━━ INFORMATION
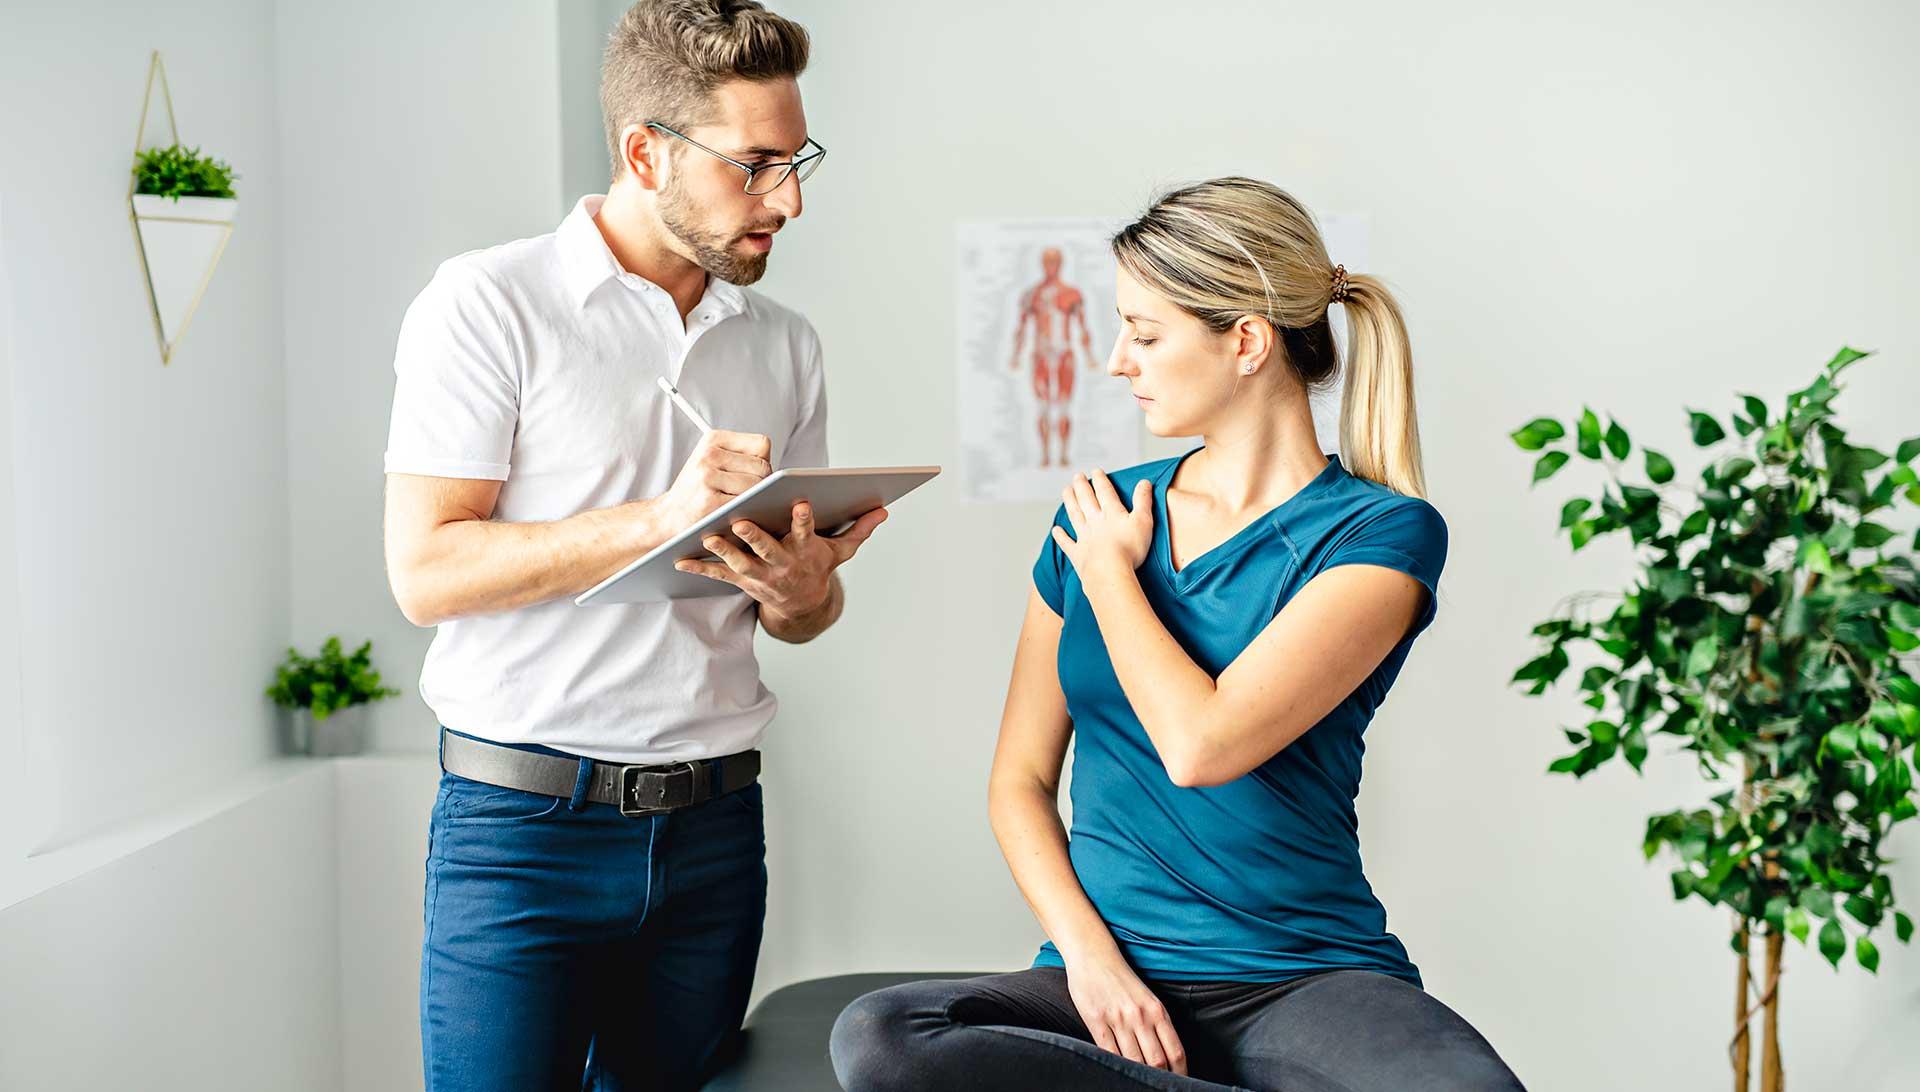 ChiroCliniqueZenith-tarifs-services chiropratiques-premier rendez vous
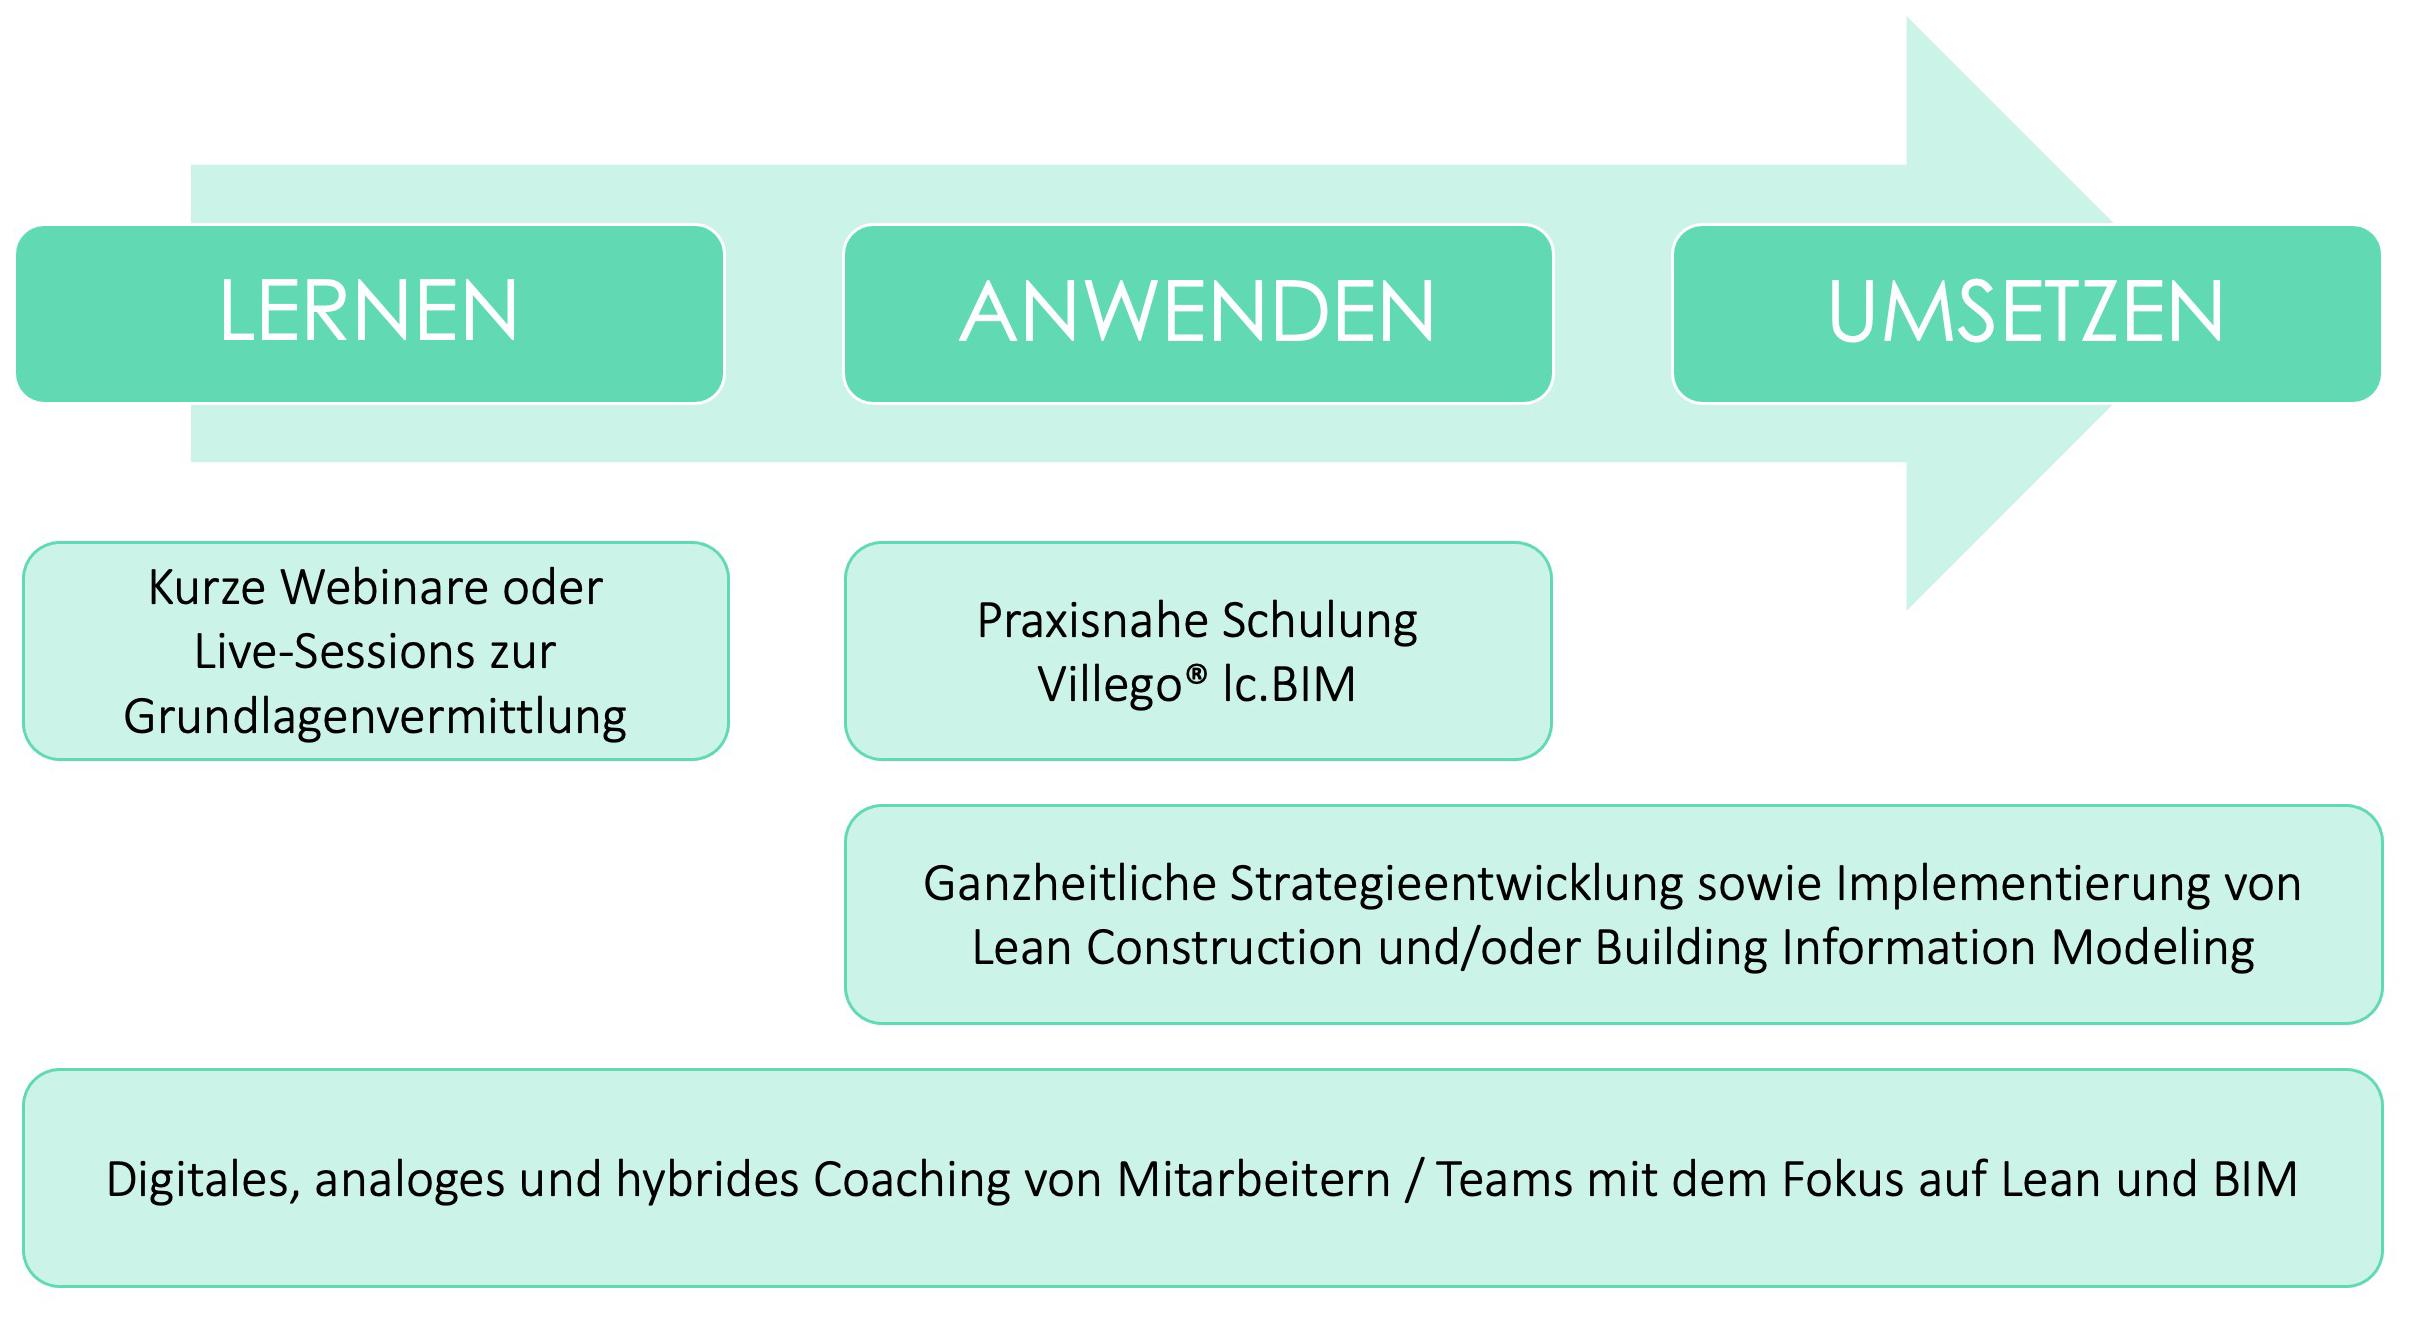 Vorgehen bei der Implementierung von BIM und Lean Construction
━━━━
━━ INFORMATION
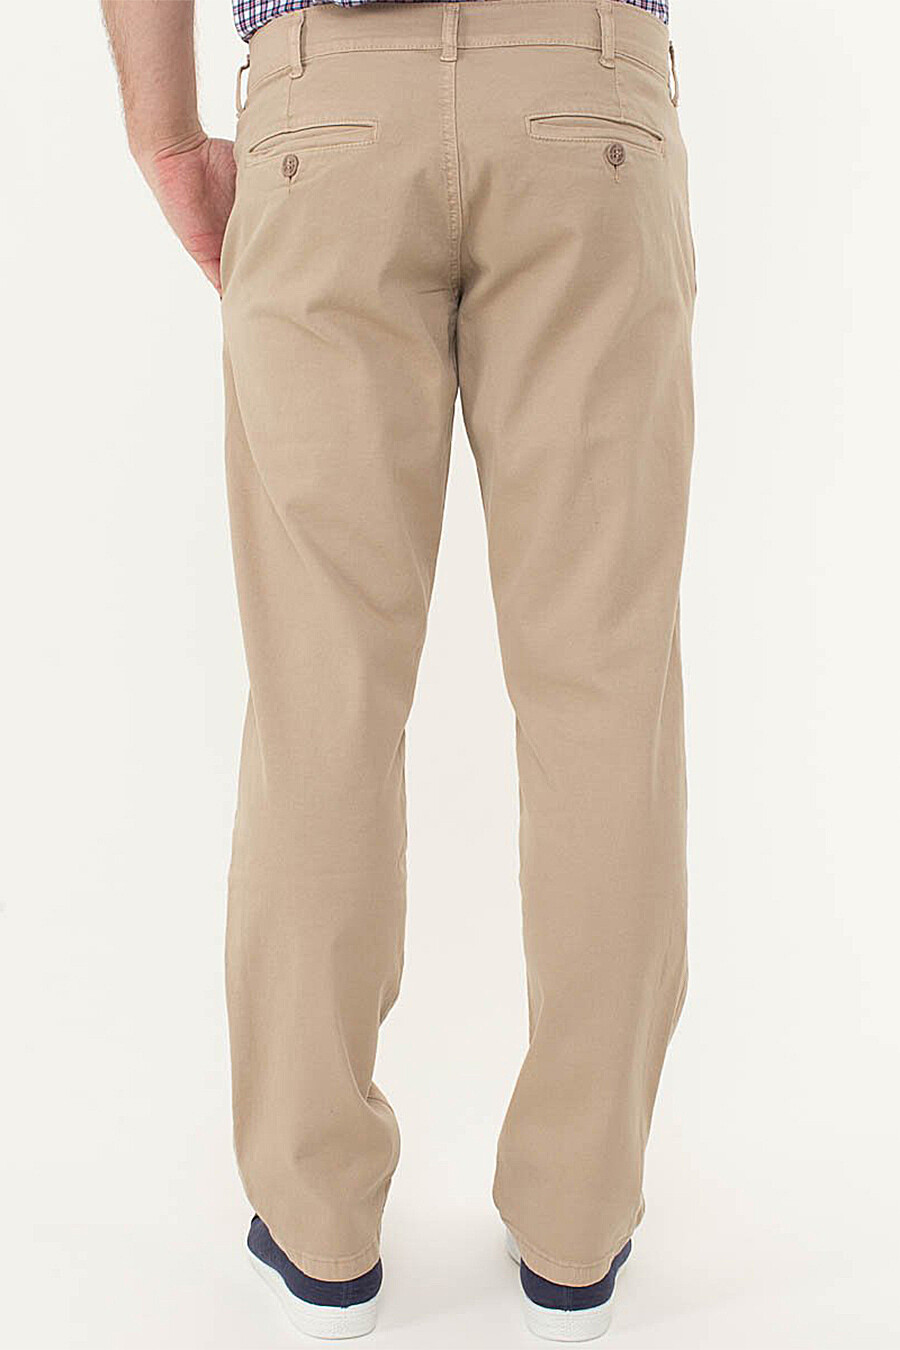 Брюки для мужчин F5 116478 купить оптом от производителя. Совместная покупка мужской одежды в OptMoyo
━━━━
━━ INFORMATION
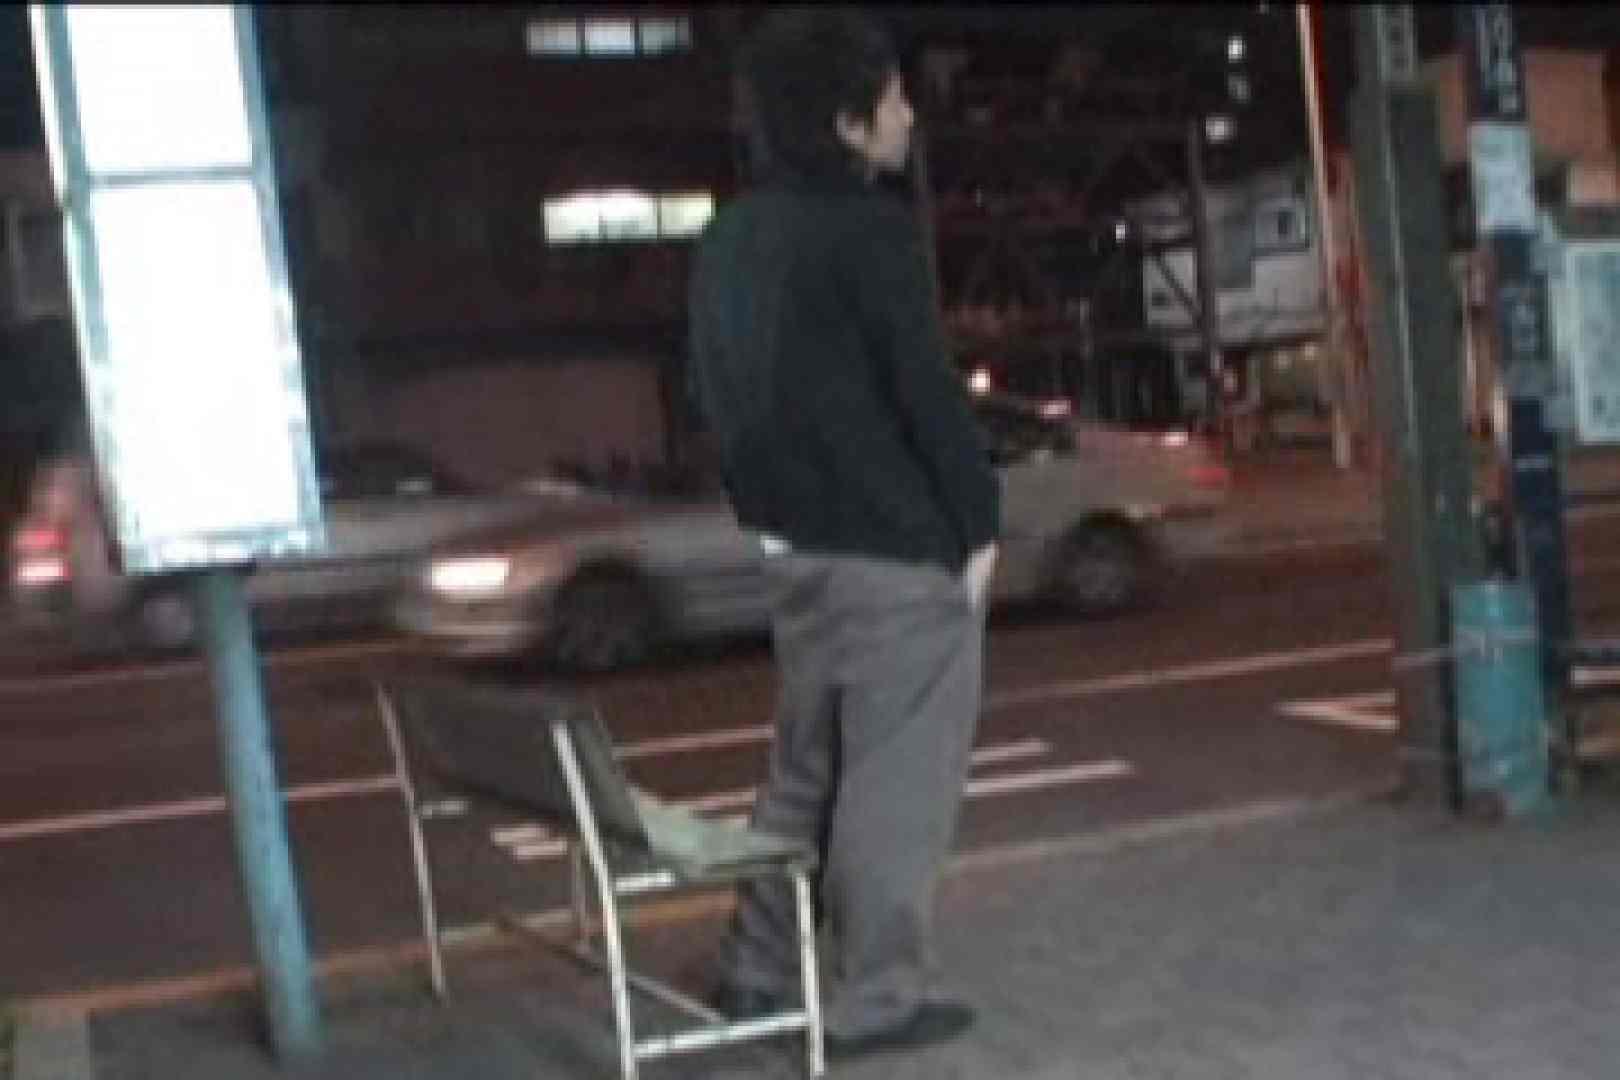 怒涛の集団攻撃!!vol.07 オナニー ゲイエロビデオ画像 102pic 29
━━━━
#### TASK PROMPT
Output exactly the lines above, beginning at the one with "chiropratiques-premier rendez vous" and stopping after the one with "Vorgehen bei der". Pictures are to be omitted.

#### COMPLETED TASK
 ChiroCliniqueZenith-tarifs-services chiropratiques-premier rendez vous
 Vorgehen bei der Implementierung von BIM und Lean Construction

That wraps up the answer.